The girls making cakes for sale

  Most were delighted to get their cake and juice. Those who weren't, because they were PO'd that the trip to the hall was off.  Dolores sat on her wooden floor and related, once again, her life history. How she had hurt her foot so she cannot stand. She talked about her son, lost in a far away land. She heard his footstep on her porch the night he died. Her daughter, Corina has Down Syndrome or something related. She was  unconditionally happy. Laughing. Before I left she threw her arms around me and gave me a big smile.

We hadn’t solved San Mateo’s “Ignorantia” but we brought smiles to a few people.

Coming next: In San Mateo's  Back Alleys


  1. Just read what you wrote about San Mateo. A really good description of the place in a nutshell. You know you'd make a really good journalist. I can see you with a regular column in eg the Guardian or the Independent only much better than some of the stuff you get even in those papers. Can't wait to read the next installment. thanks Pawelku.
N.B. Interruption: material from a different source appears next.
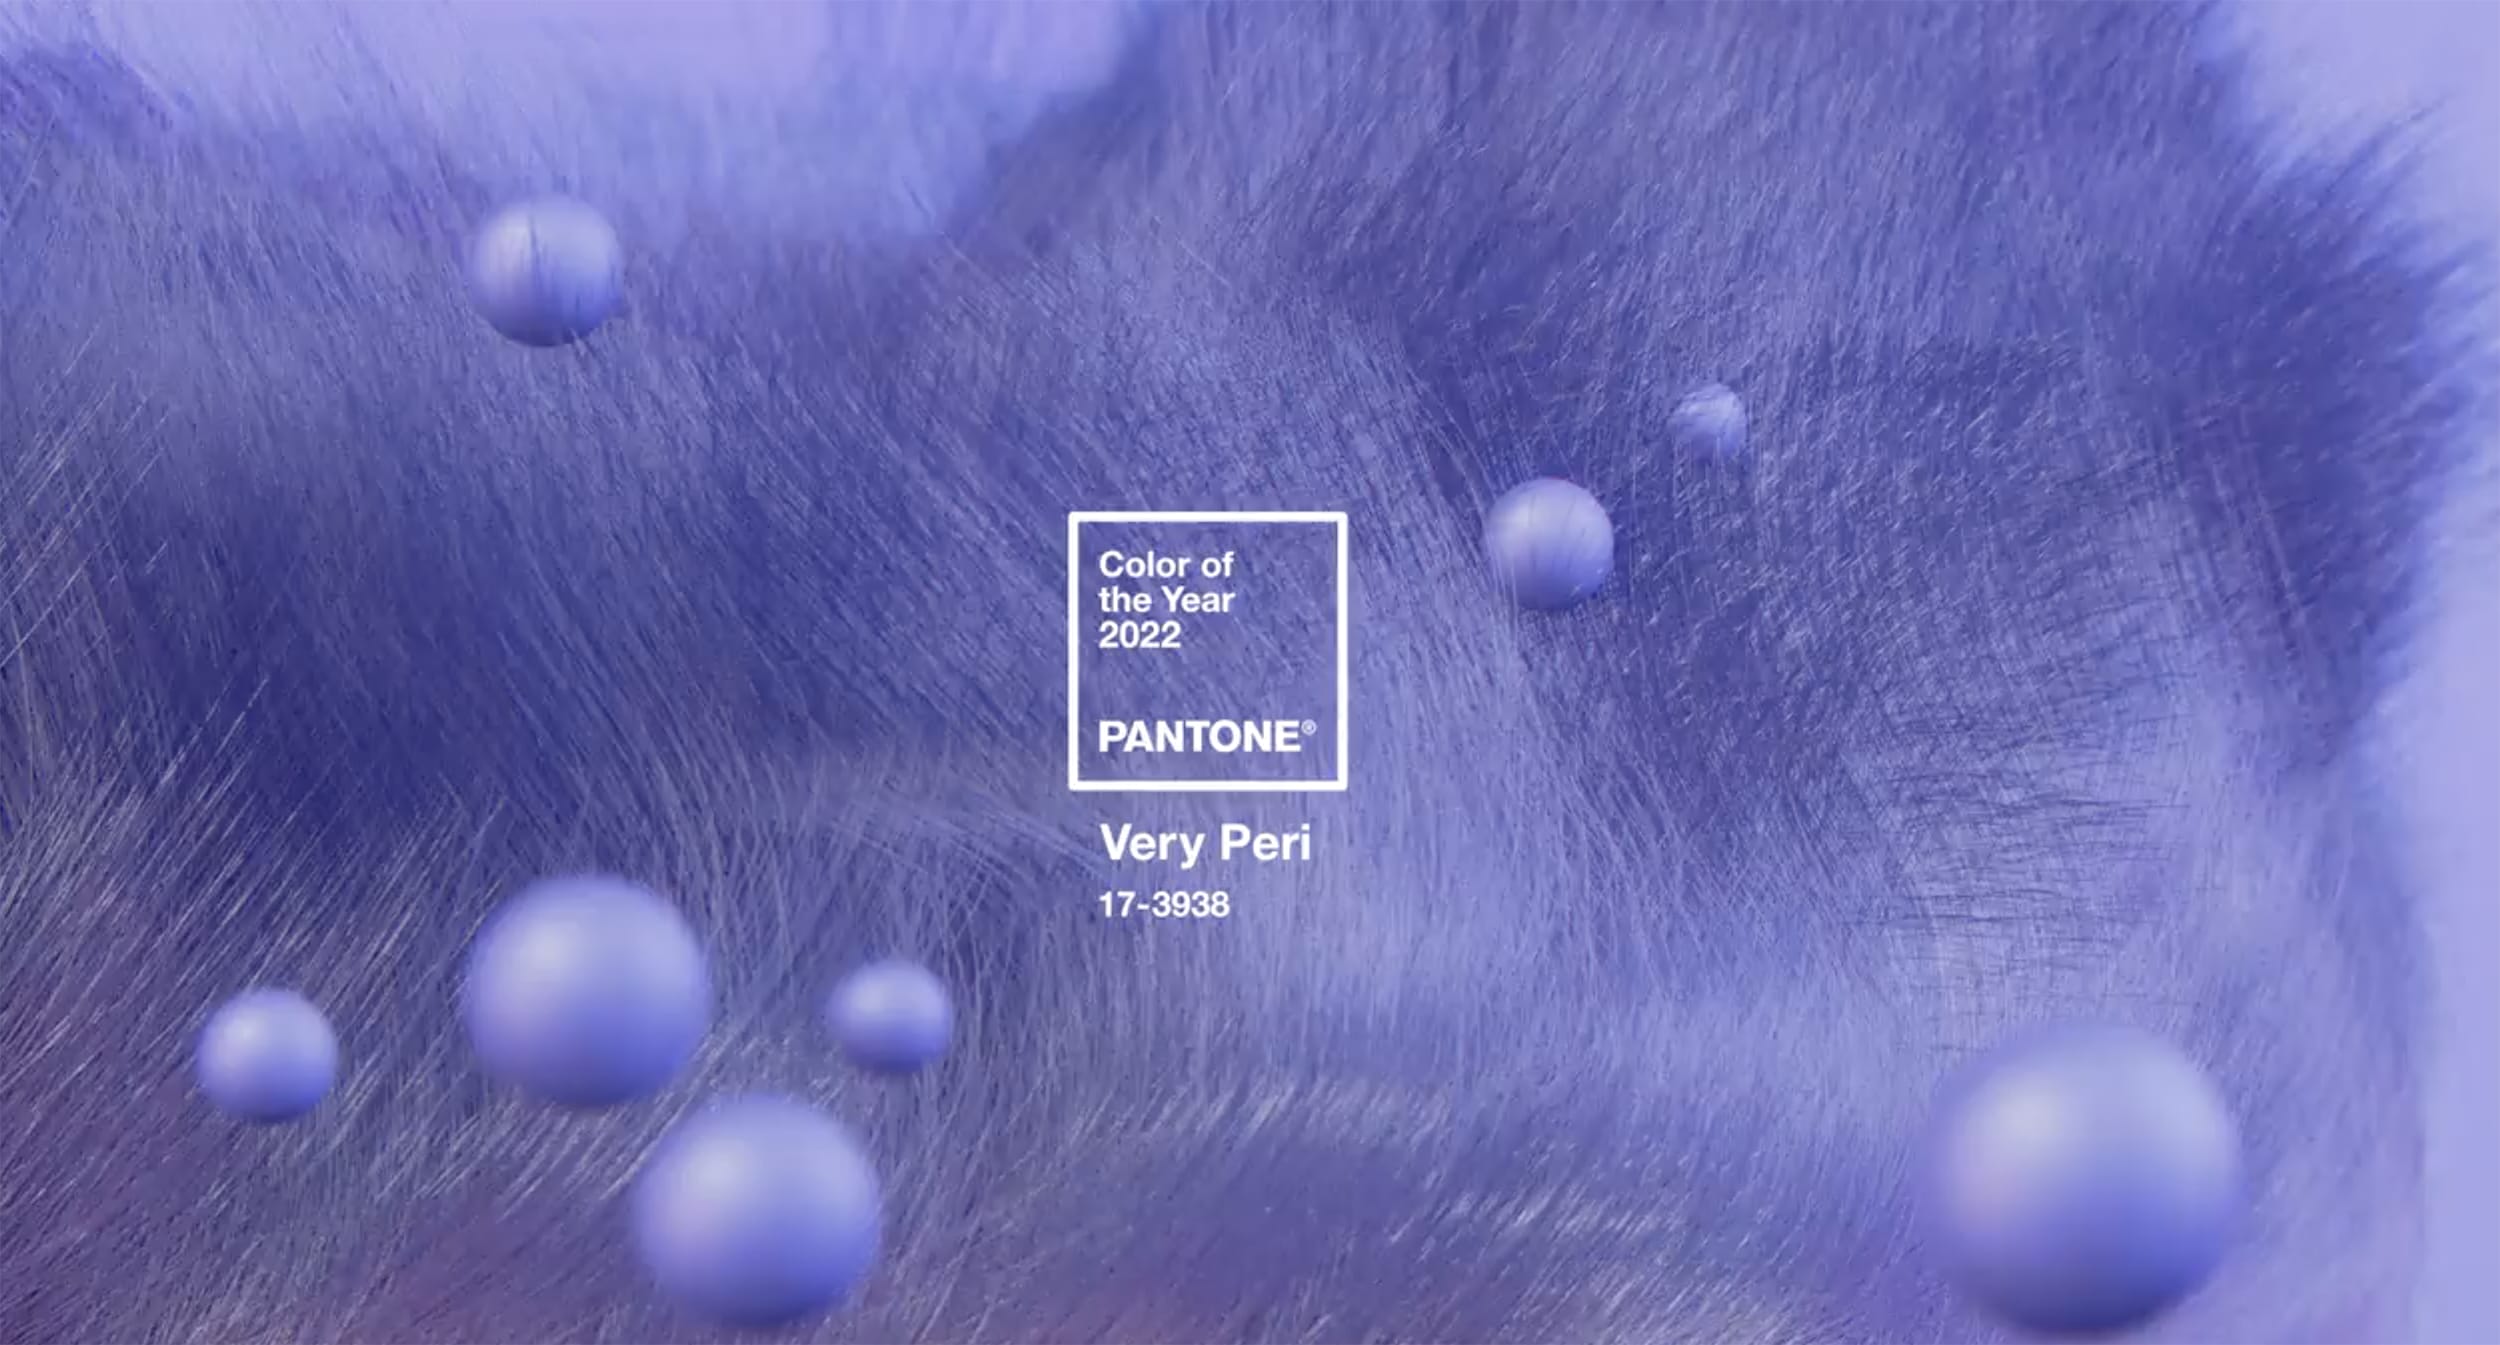 A Pantone Intézet szerint 2022 színe a Very Peri, póriasabb nevén liláskék

  2. I would echo Basia's comments: excellent journalism! Looking forward to the following instalments. The writing and photos were strongly reminiscent of my time there with Aunt Munia.

    Heather and I really appreciated the openness and warmth of the San Mateans, as well as the opportunity to provide some medical/physiotherapeutic help here and there.

  3. Thank you Basia and Adam for your feedback. I'll try and keep the next three episodes interesting.